The room for shitting is different from room for baffing. Room for hanging cloth is different from room for sleeping in bed. There is room for shoes-keeping, for car parking in the outside, for keeping makeups in the upstairs. All the rooms are having space and gold tiles on floor. We didn’t enter inside Big Madam’s bedroom, but Kofi say she is having a round bed and another baffroom inside. In the downstairs, there are two parlors. One for visiting people and the other is for Big Madam only. “No one sits in here unless Big Madam asks you to,” Kofi say as he is closing the door in front of the second parlor. There is a looking-glass on the wall in every room. “Big Madam is quite vain,” Kofi say. “Always looking at herself in the mirror.”

There is another room just for eating food with a long table and like fifteen chairs. The chair is gold, the table a long gold slate on top four glass legs. There is a light case with about one hundred bulbs hanging in middle of the ceiling, glass flowerpots full of pink and red and smelling fresh flowers in the every corners of the room.

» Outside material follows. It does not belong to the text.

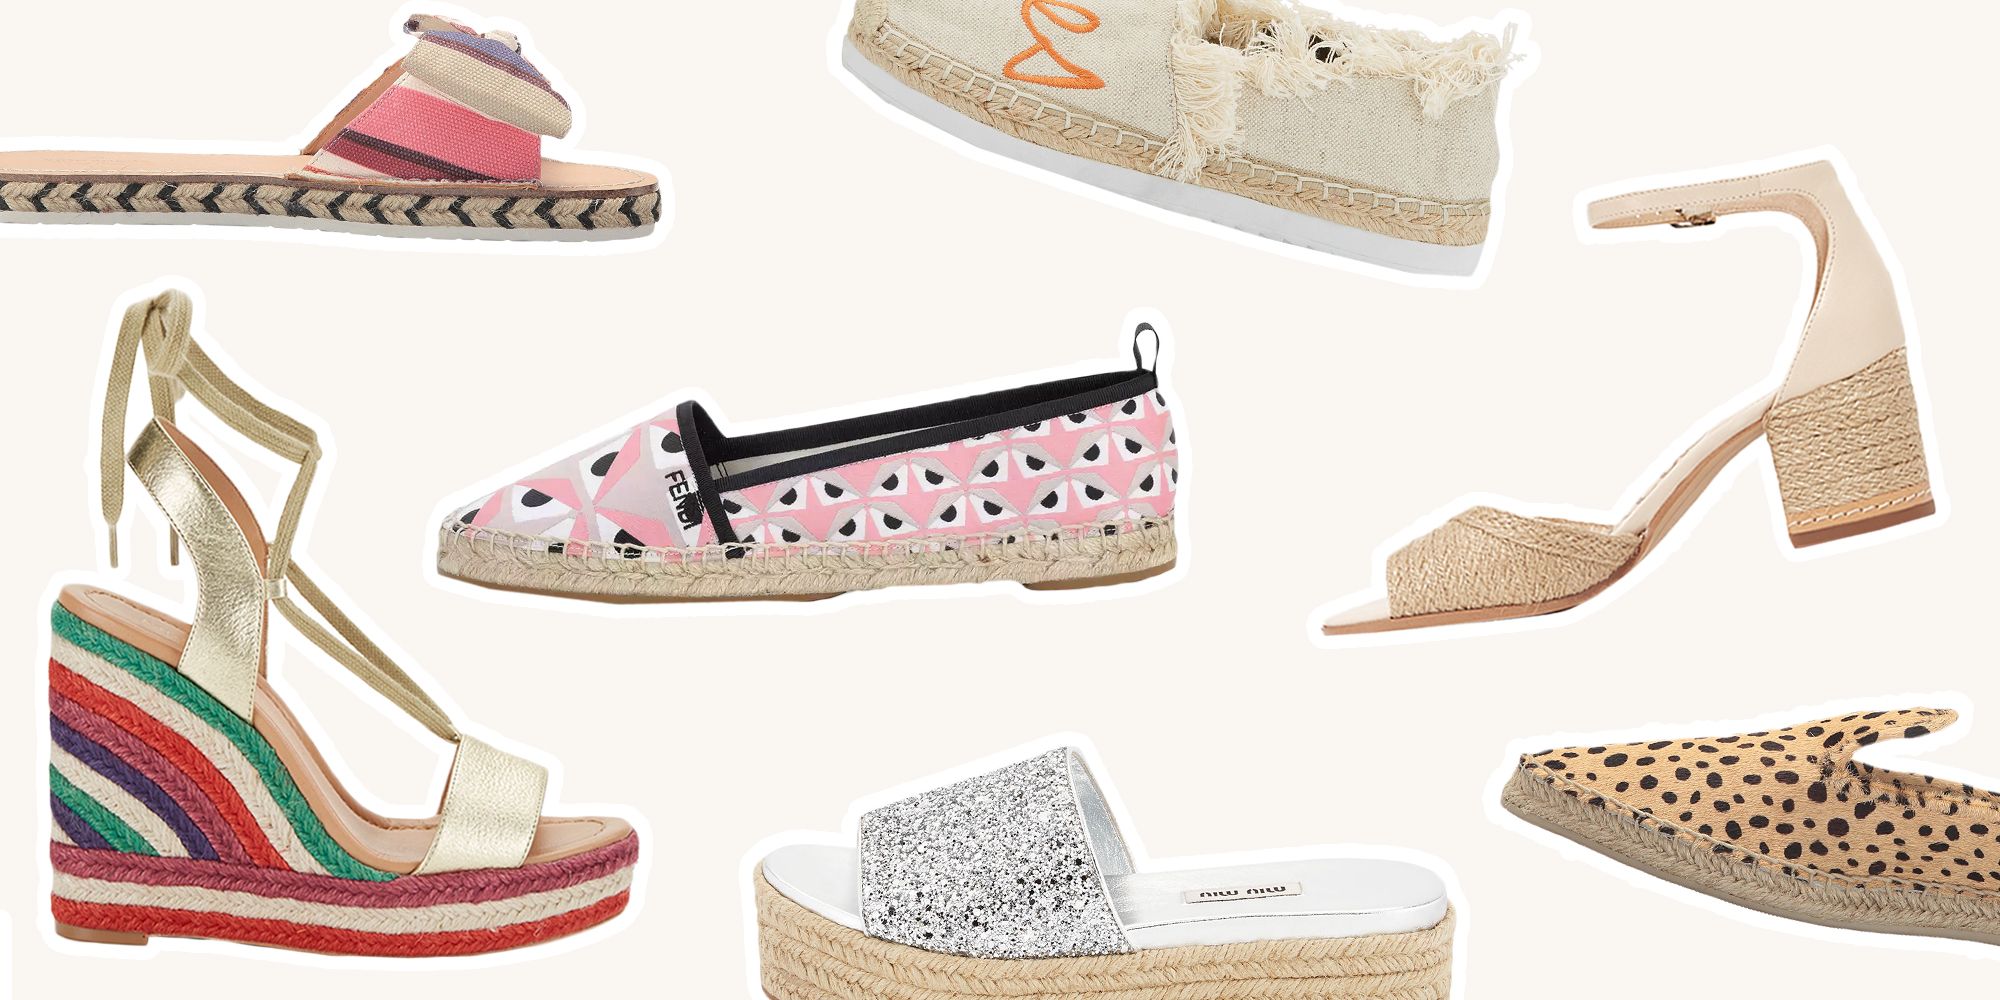 14 Best Espadrille in 2018 - Top Wedges and Sandals for Women

“Dining room,” Kofi call it. “Big Daddy and Big Madam eat here when they are on good terms, which is a rare occurrence these days. Follow me. Yes, this small room here is the library.” He open another door and we are inside a room with books sitting inside a dark brown wooden case. So many books are climbing up the case to the ceiling. There is a sofa with correct cushion in one corner, and table and chair next to it, a gold standing fan with three blades beside it. The whole place is smelling of dust, but I am not minding it. My heart is swelling as I am looking it all. Is like I am inside one kind heaven of books and educations.

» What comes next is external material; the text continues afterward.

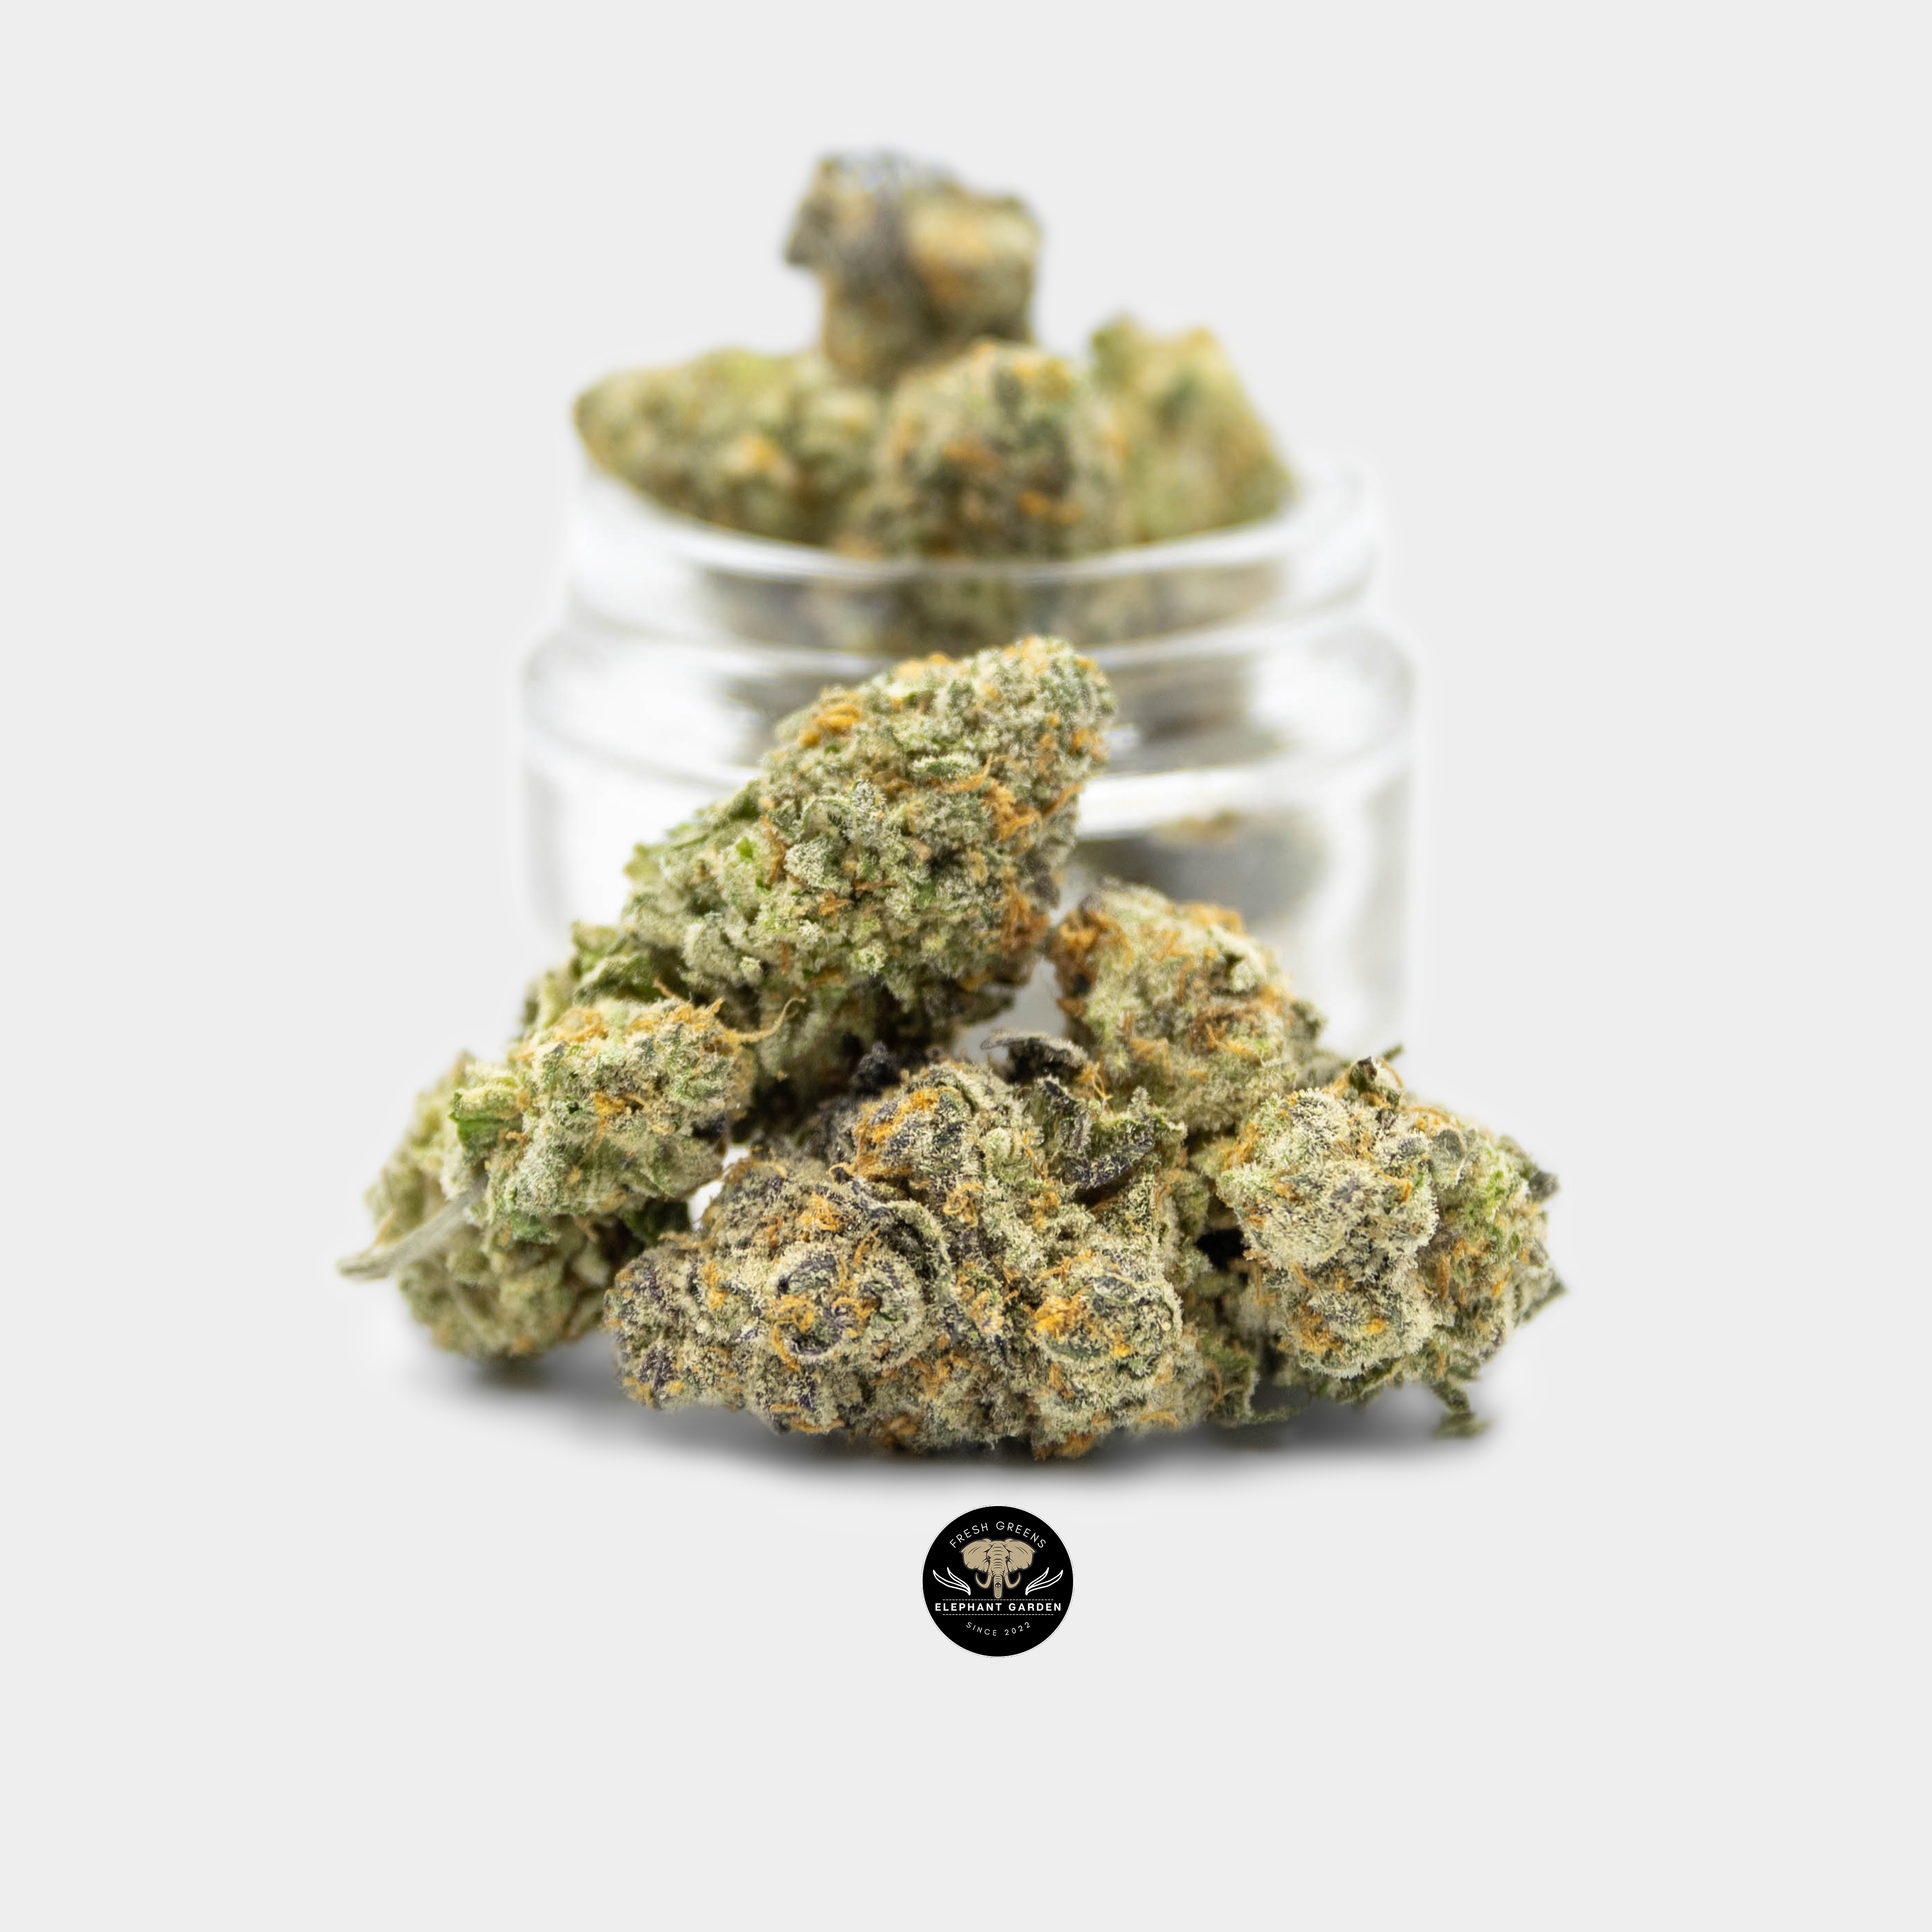 Buy Strawberry and Cream at Elephant Garden Co Weed Dispensary Online Canada Single

“You like books?” Kofi ask.

“I want to be reading every day,” I say, feeling a pinch of happiness as I am remembering what Kike say to me about feeding my mind with reading of books. I bend my neck, trying to read the title name of some of the books:

Things Fall Apart

Collins English Dic-tion-ary

Africa Bible Com-men-ta-ry

A His-tory of Nigeria

1000 Prayer Points to Secure Your Marriage

The Book of Nigerian Facts: From Past to Present, 5th edition, 2014

“Who is owning all this books?” I ask as my eye is cutting around the wonder of the whole room.

“Big Daddy,” Kofi say. “He used to love reading many years ago. But that was before he lost his job and turned to alcohol. Now the library is hardly ever used. I am only showing it to you because you will need to dust it often.”

“Who is this Big Daddy?” I ask. “Is he Big Madam’s husband?”

“Yes,” Kofi say, whisper. “Unrepentant alcoholic. Chronic gambler. He keeps getting into debt and making his wife bail him out. Shame of a man, if you ask me. Real shame. He is away on business, should be back later today. And when I say ‘business,’ I mean woman business.”

“You mean how?”

Kofi round his eye. “He is a womanizer. He has girlfriends. Plenty of them.” He turn his mouth down, as if he is tasting something bitter so sudden, then he ask, “How old are you, Adunni?”